There is no distinction in income tax liability between a person who practices his
profession alone or individually and one who does it through partnership with others
in the exercise of a common profession. Under the present income tax system all
individuals deriving income from any source whatsoever are treated in almost
invariably the same manner and under a common set of rules.

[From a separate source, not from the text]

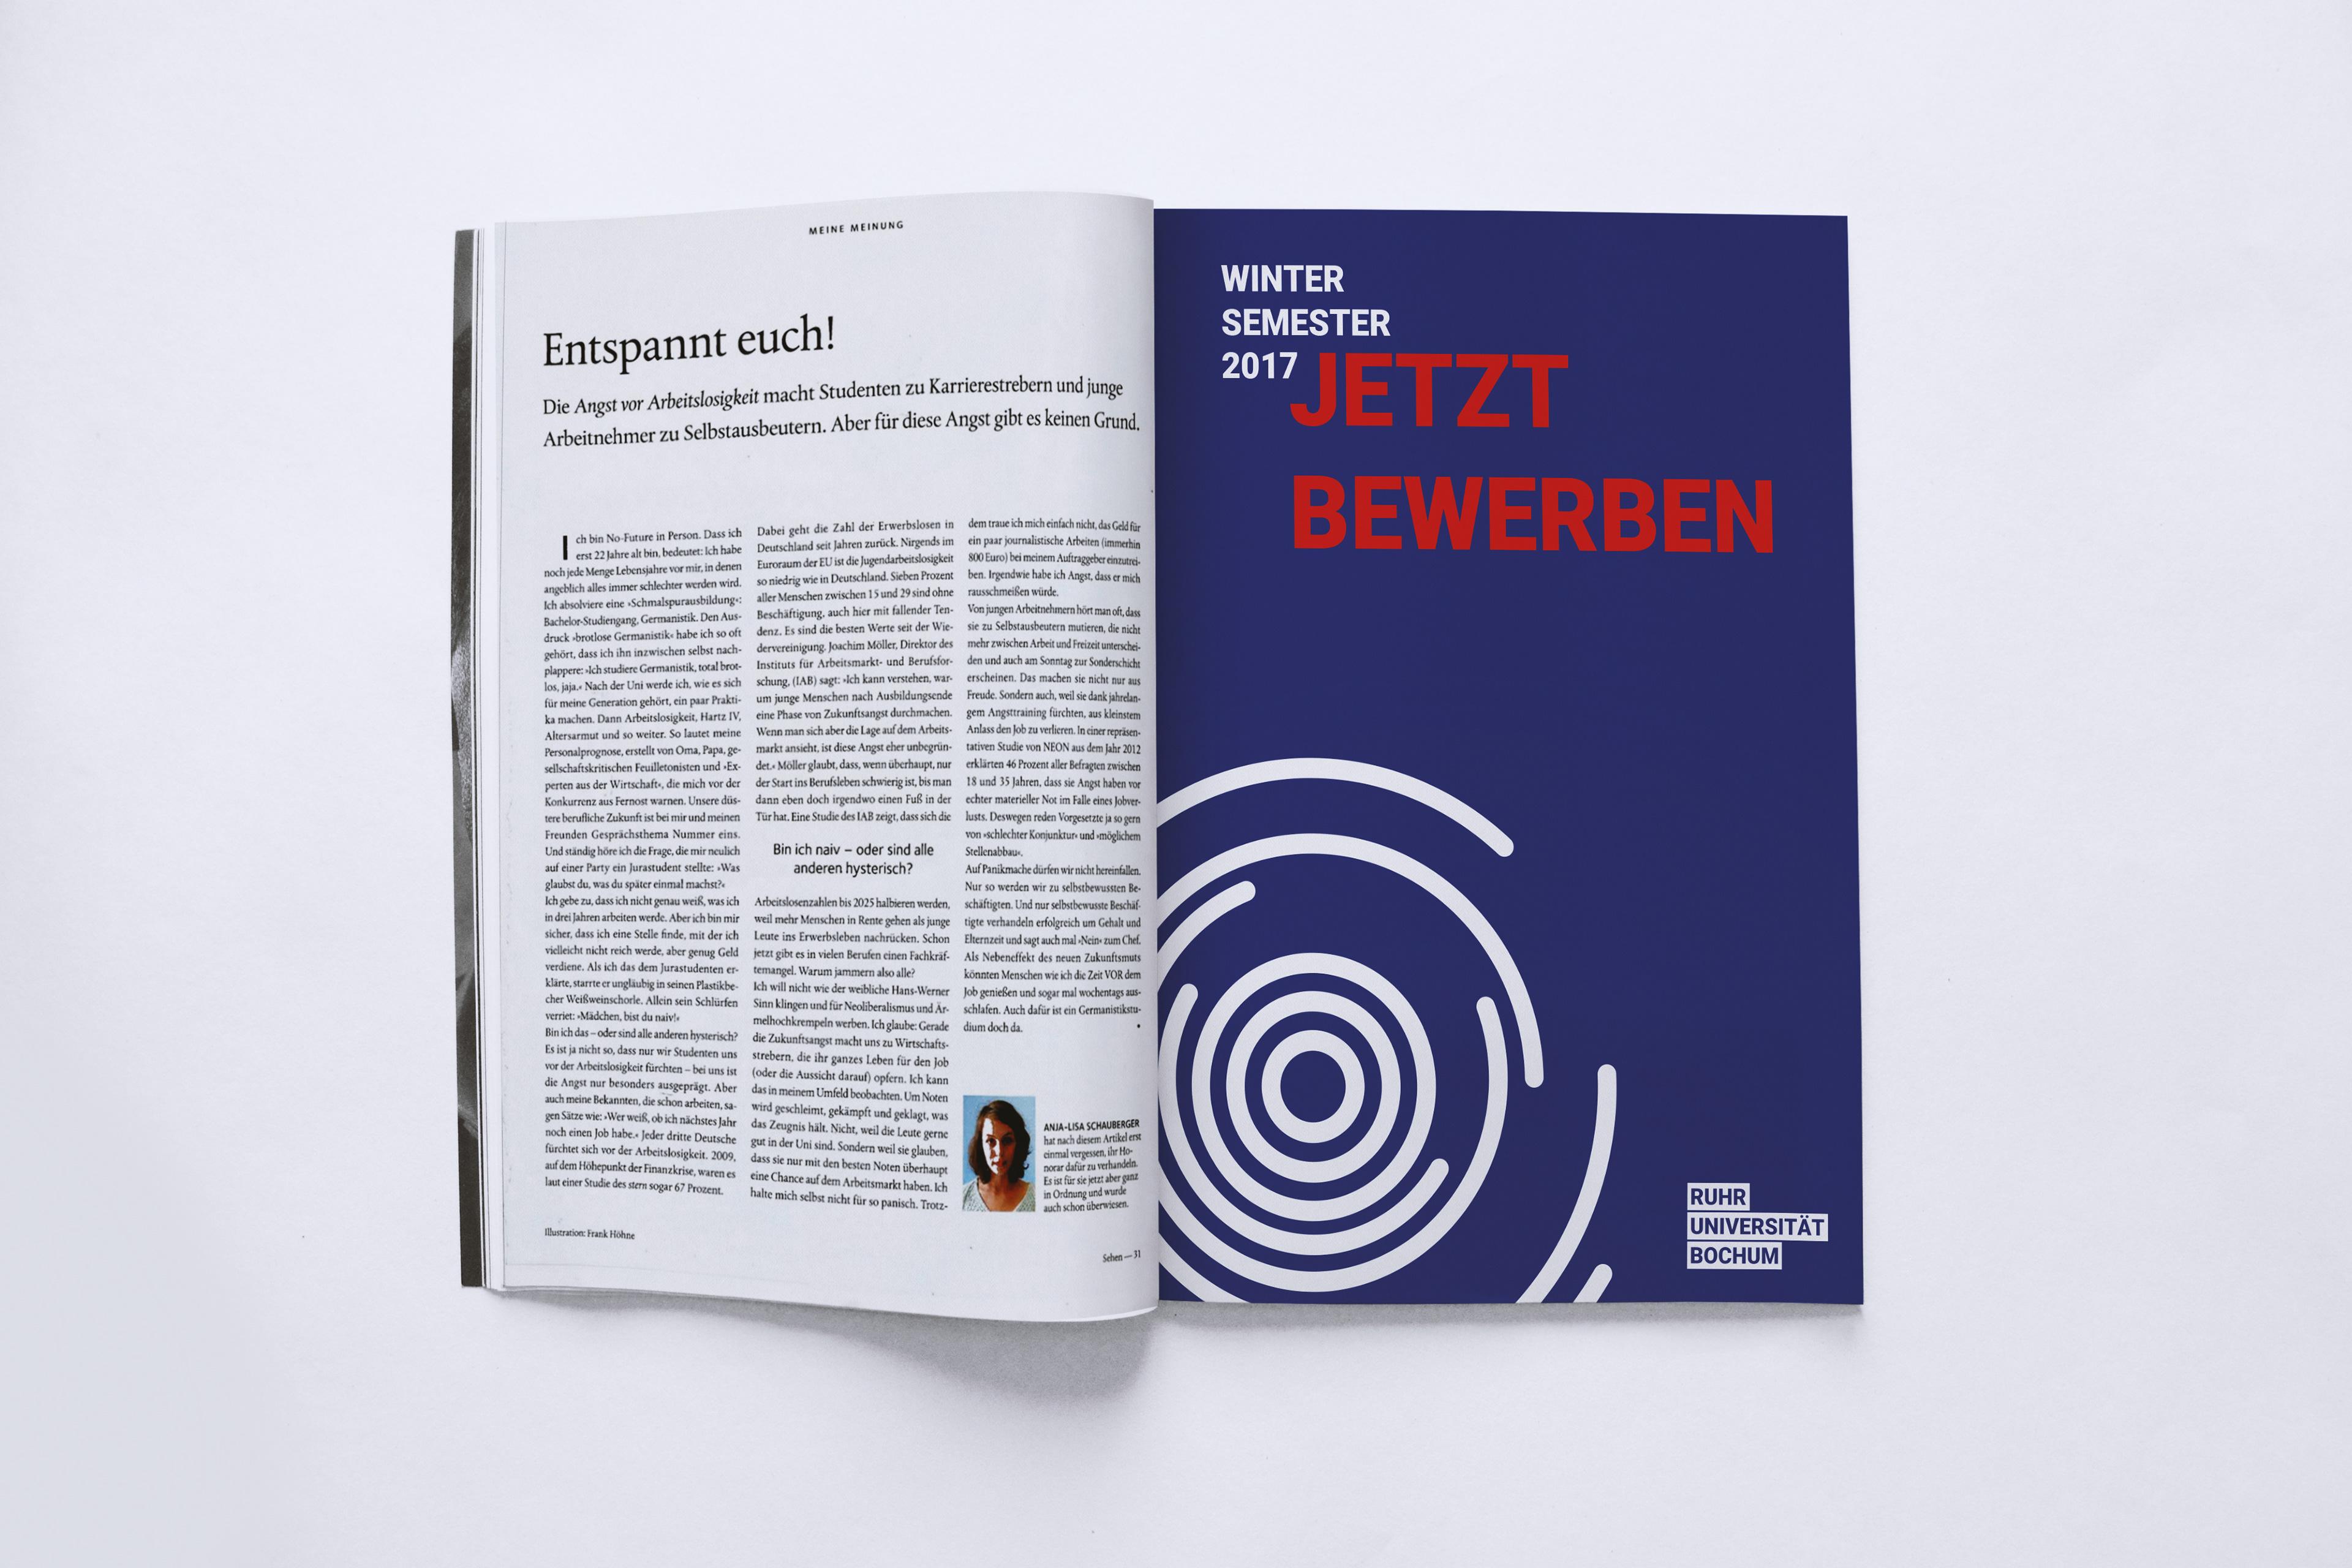 fullscreen - Uni Bochum Bewerbung
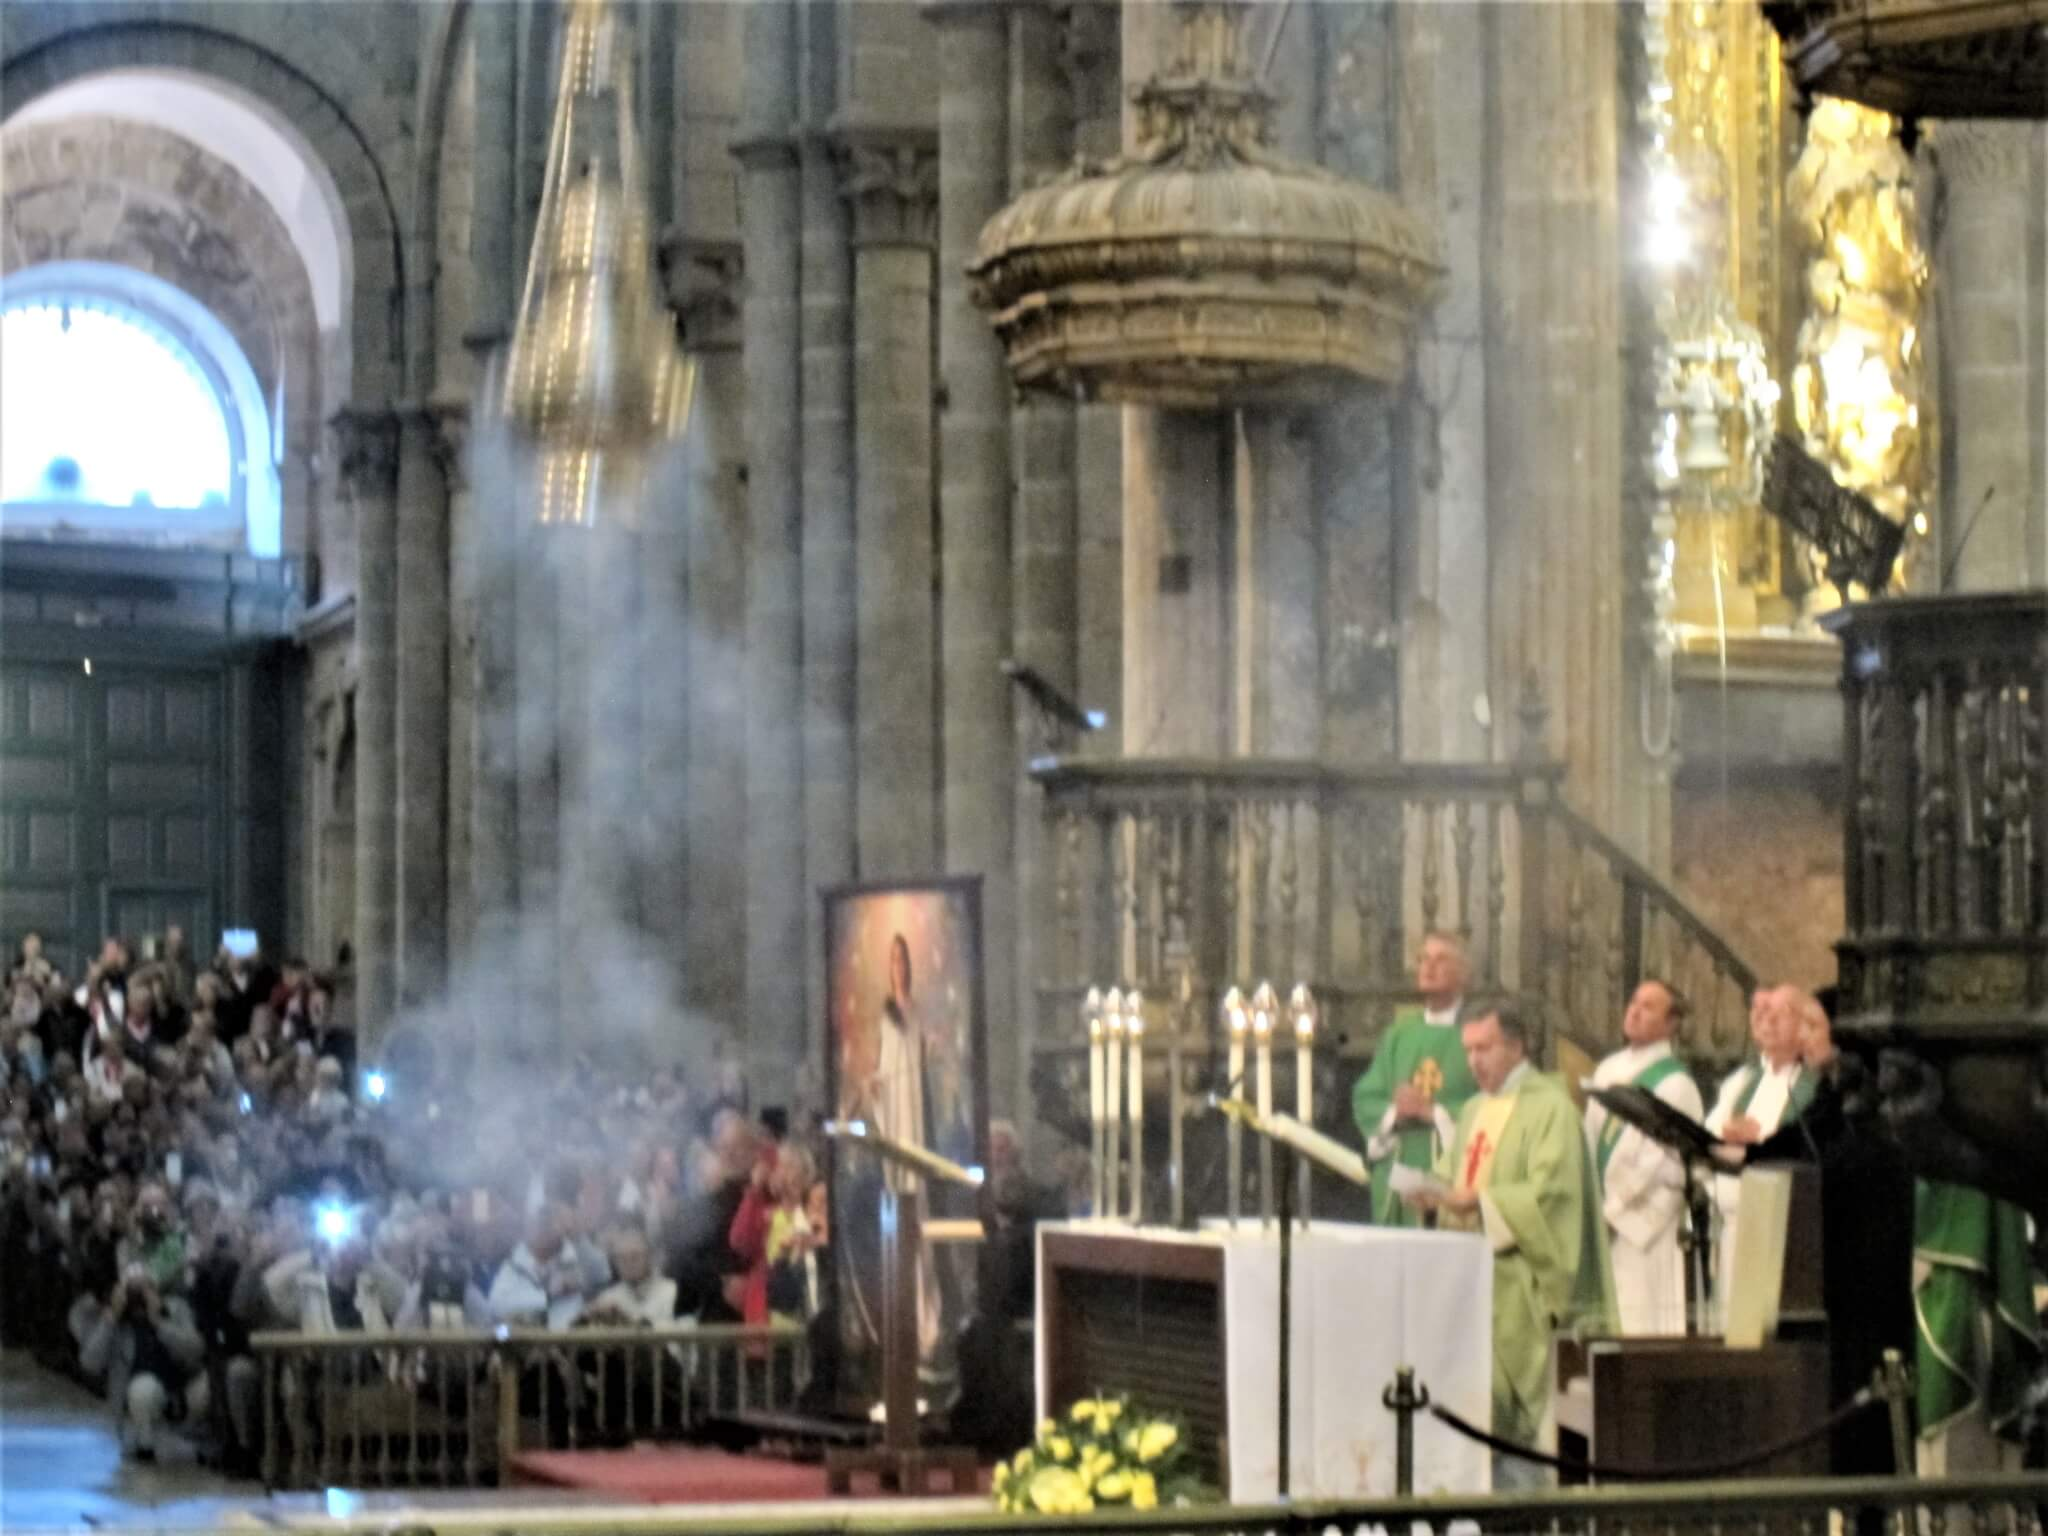 Fatima Pilgrimage - St Wilfrid's Catholic Church, York

The phrase "income taxpayers" is an all embracing term used in the Tax Code, and
it practically covers all persons who derive taxable income. Partnerships no matter
how created or organized, are subject to income tax which, for purposes of the
above categorization, are by law assimilated to be within the context of, and so
legally contemplated as, corporations.

Section 6 of Revenue Regulation No. 2-93 did not alter, but merely confirmed, the
above standing rule as now so modified by Republic Act No. 7496 on basically the
extent of allowable deductions applicable to all individual income taxpayers on their
non-compensation income. There is no evident intention of the law, either before or
after the amendatory legislation, to place in an unequal footing or in significant
variance the income tax treatment of professionals who practice their respective
professions individually and of those who do it through a general professional
partnership.

DOCTRINE/PRINCIPLE:

Uniformity of taxation, like the concept of equal protection, merely requires that
all subjects or objects of taxation, similarly situated, are to be treated alike both in
privileges and liabilities. Uniformity does not violate classification as long as: (1)
the standards that are used therefor are substantial and not arbitrary, (2) the
categorization is germane to achieve the legislative purpose, (3) the law applies,
all things being equal, to both present and future conditions, and (4) the
classification applies equally well to all those belonging to the same class.
A general professional partnership, in this context, must be formed for the sole
purpose of exercising a common profession, no part of the income of which is
derived from its engaging in any trade business; otherwise, it is subject to tax as
an ordinary business partnership or, which is to say, as a corporation and
thereby subject to the corporate income tax. The only other exempt partnership is
a joint venture for undertaking construction projects or engaging in petroleum
operations pursuant to an operating agreement under a service contract with the
government (see Sections 20, 23 and 24, National Internal Revenue Code).